→ TASK TO COMPLETE: Please reproduce the data exactly, excluding any pictures it contains.

→ THE DATA:
▽

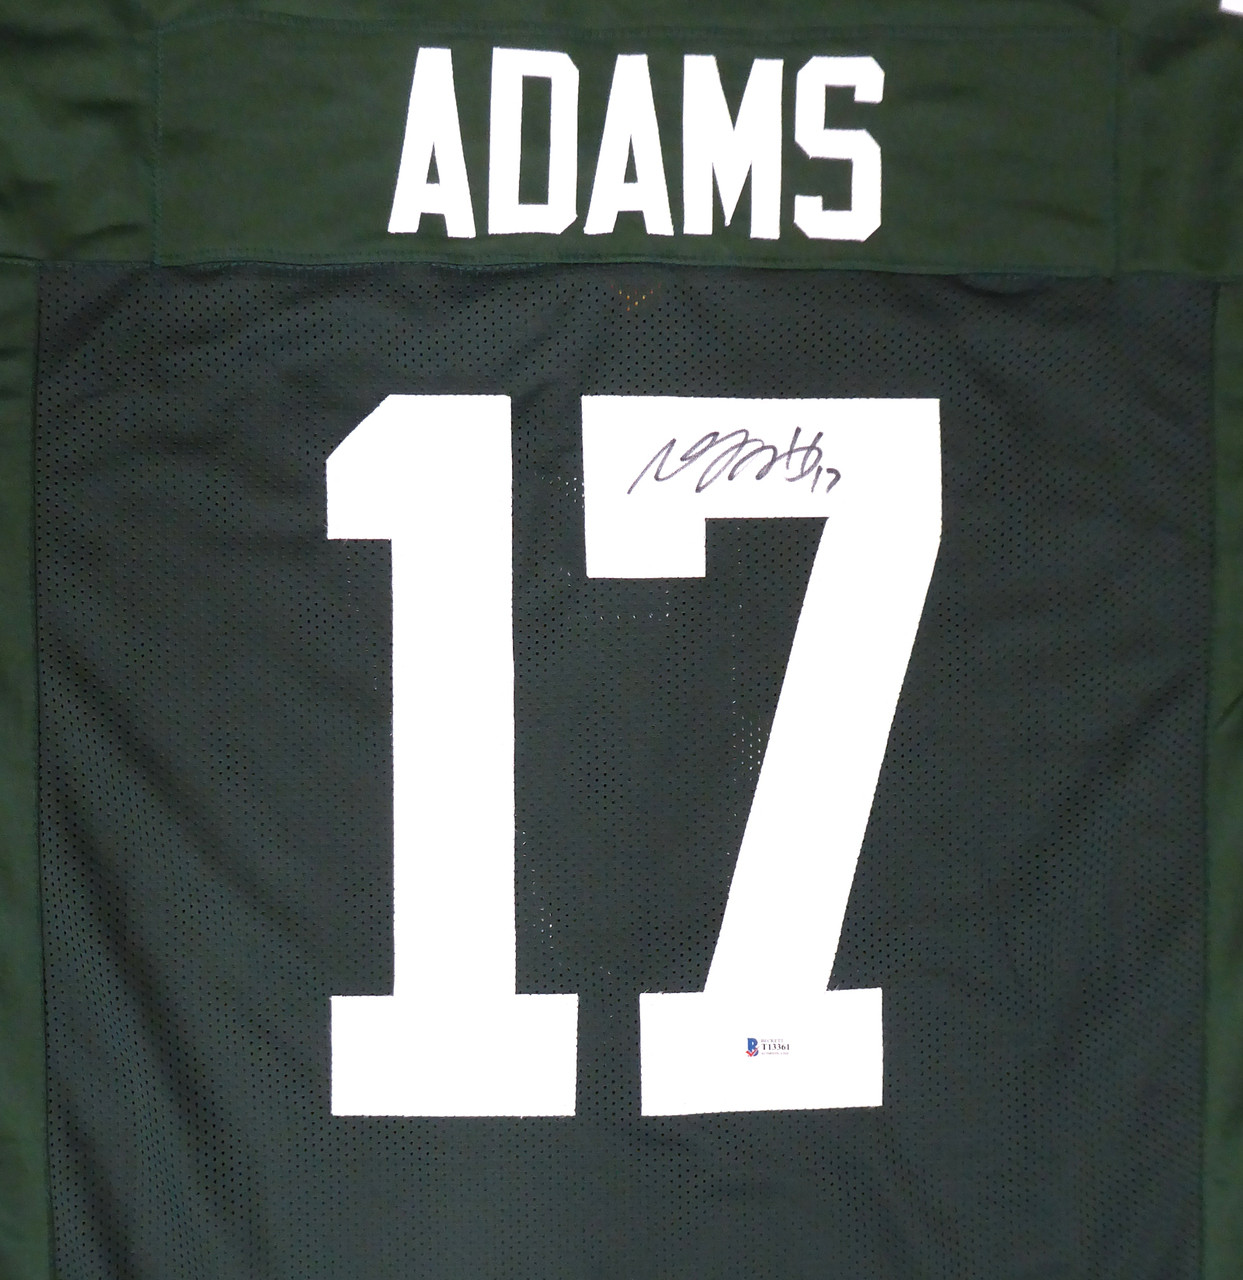 davante adams stitched jersey
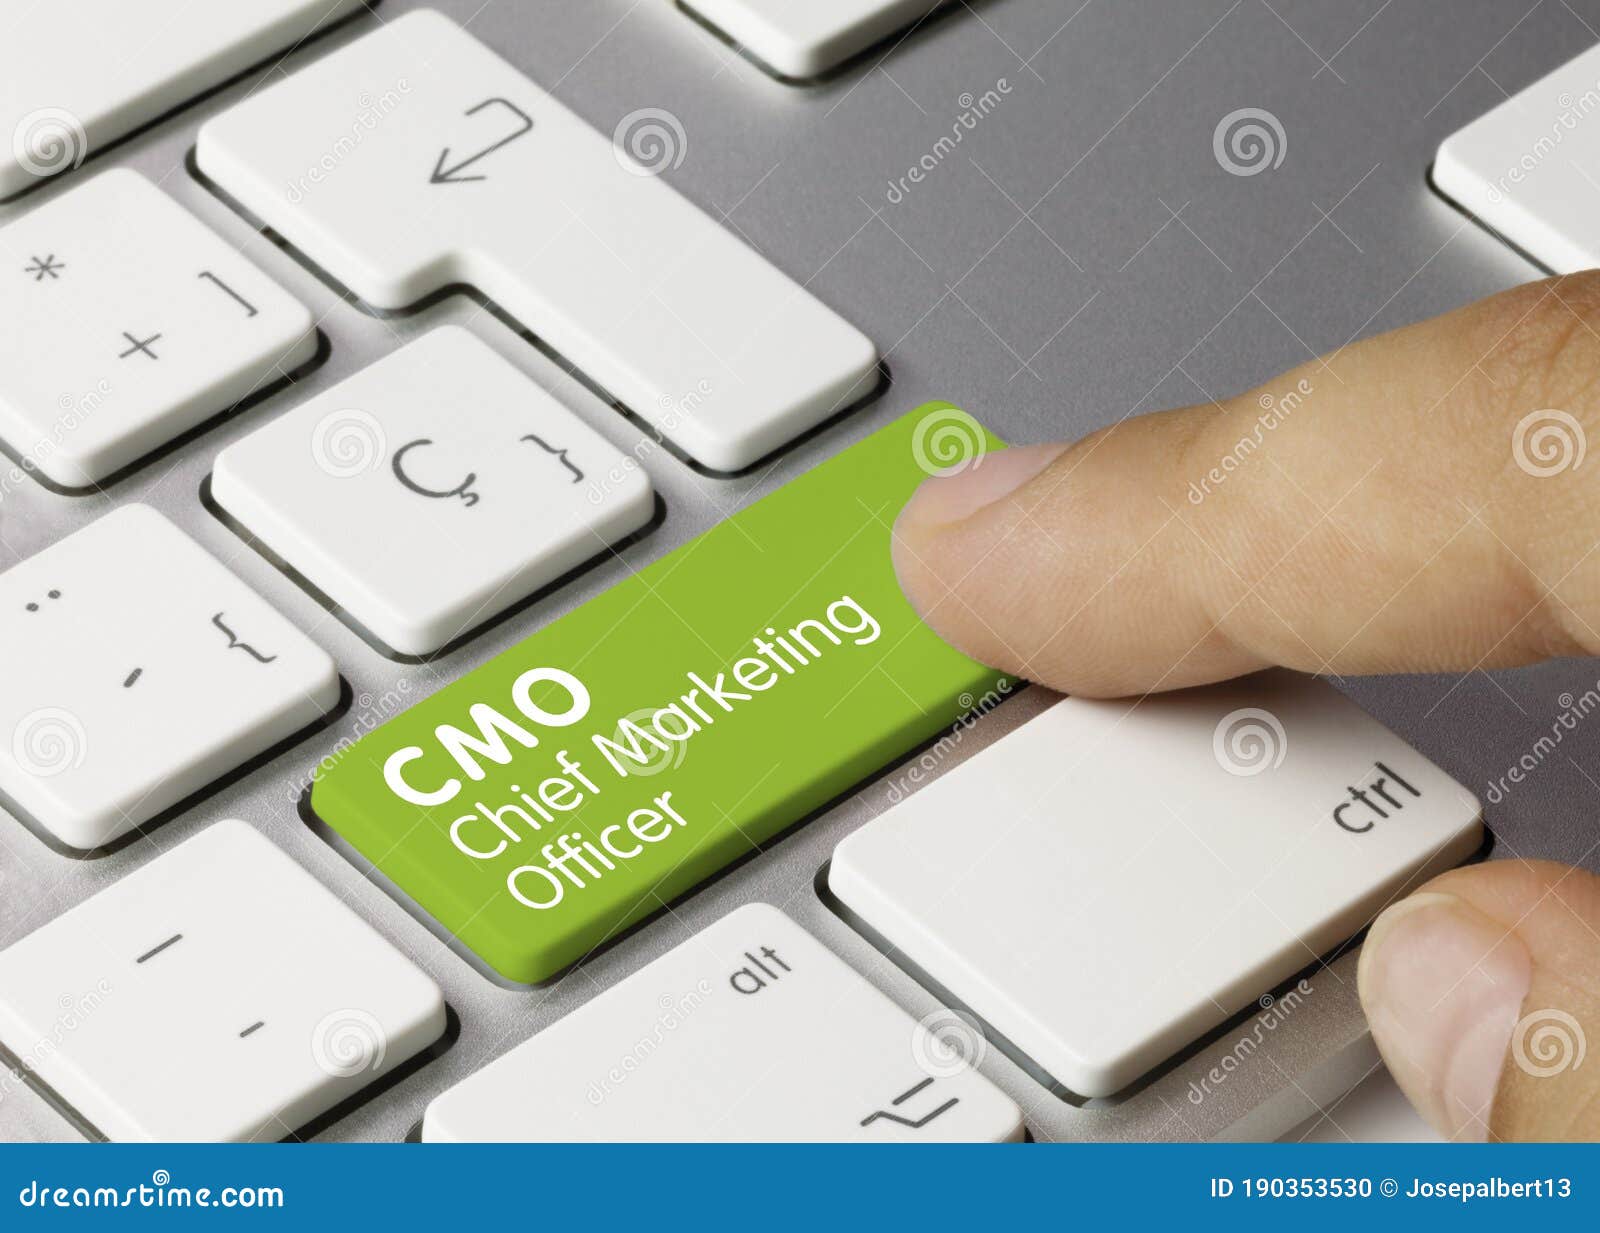 cmo chief marketing officer. - inscription on green keyboard key
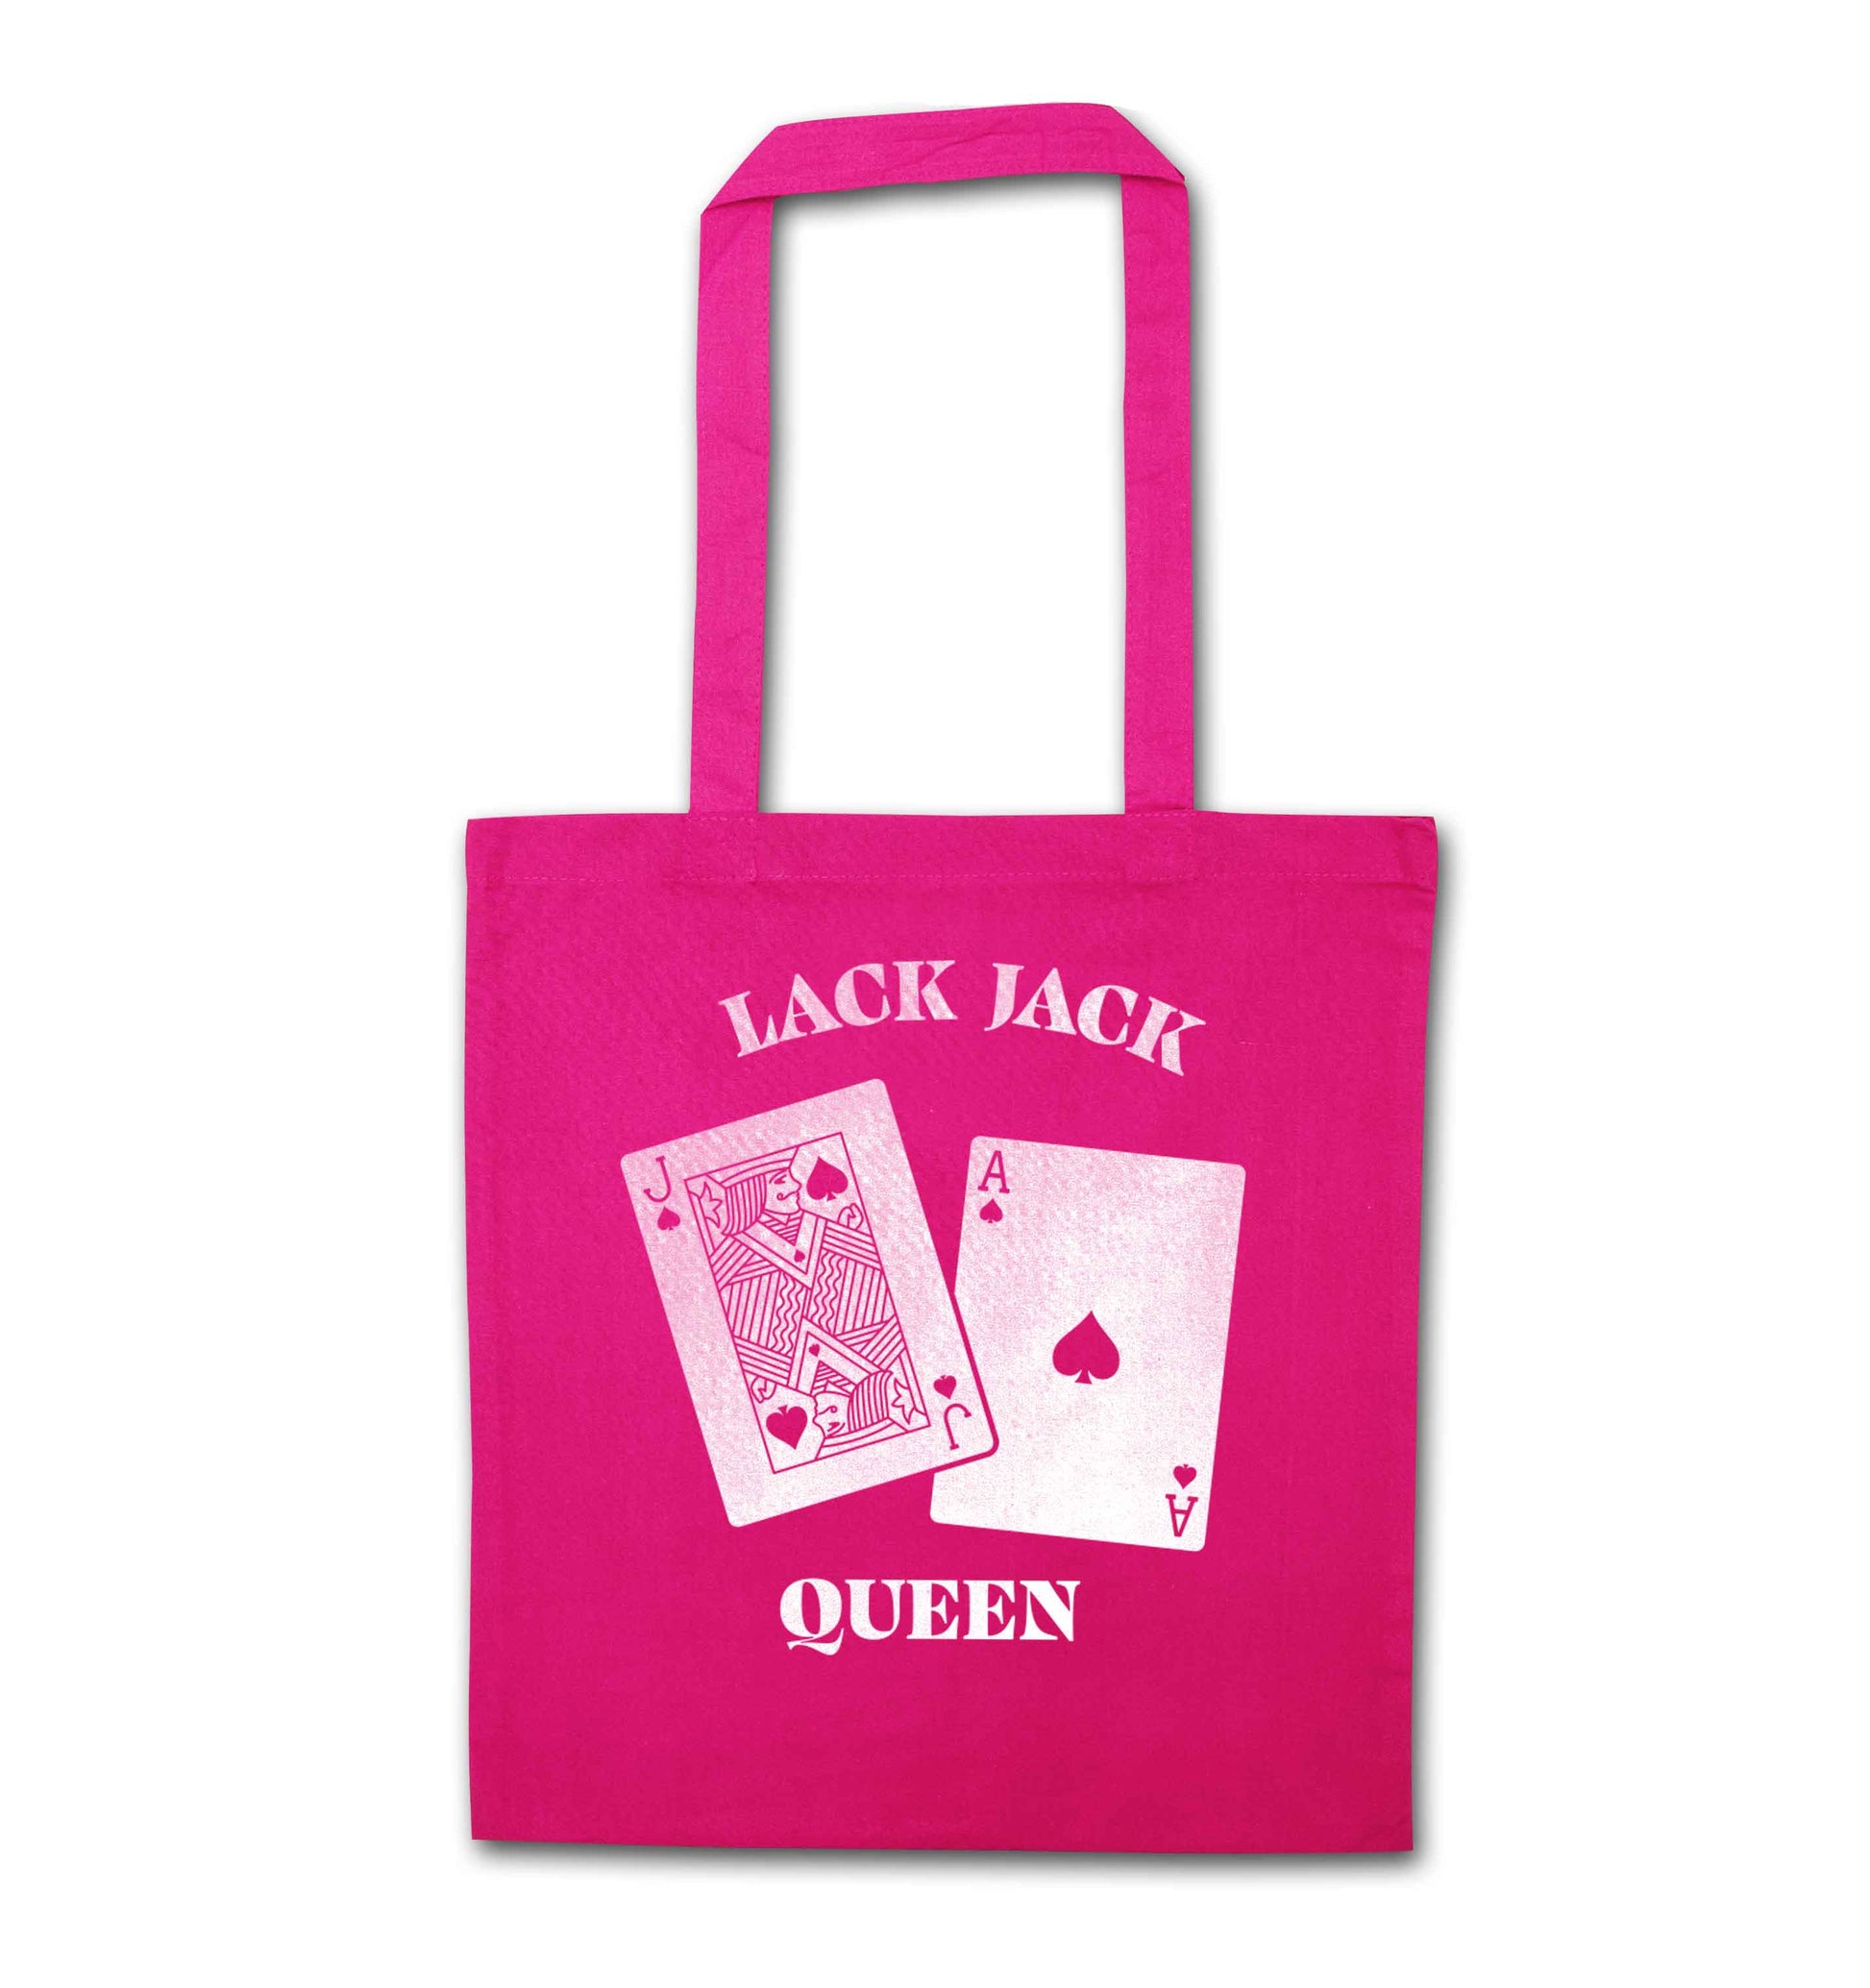 Blackjack queen pink tote bag
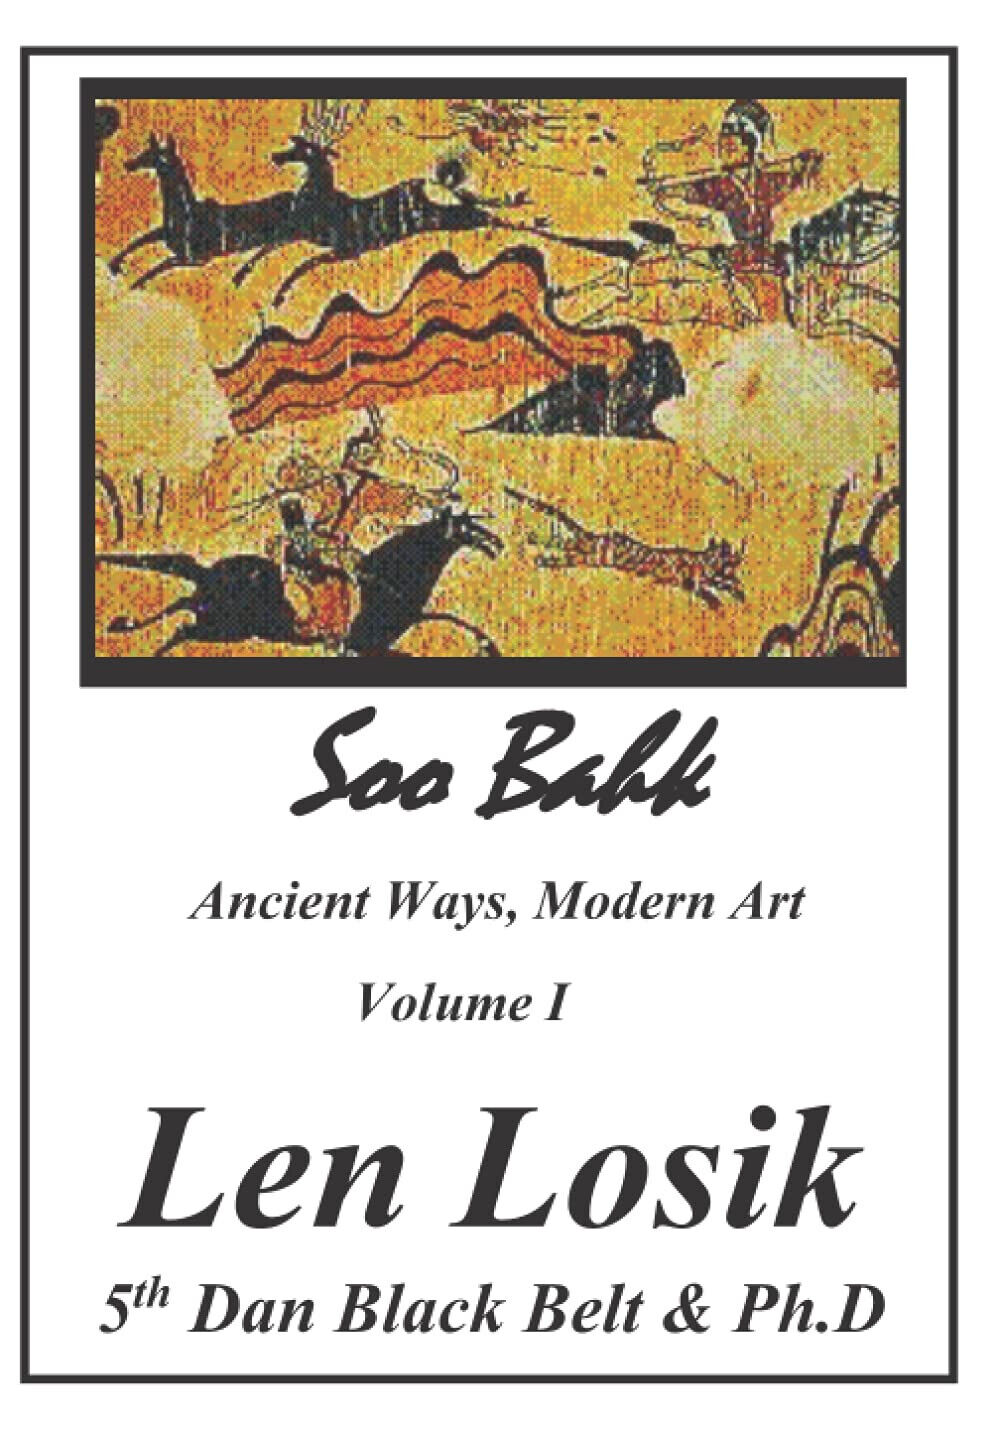 Soo Bahk, Ancient Ways, Modern Art Volume I - Len Losik Ph. D. - 2016

△

→ SOLVED PROBLEM:
 davante adams stitched jersey
 cmo chief marketing officer. - inscription on green keyboard key
 Blackjack queen pink tote bag
 Soo Bahk, Ancient Ways, Modern Art Volume I - Len Losik Ph. D. - 2016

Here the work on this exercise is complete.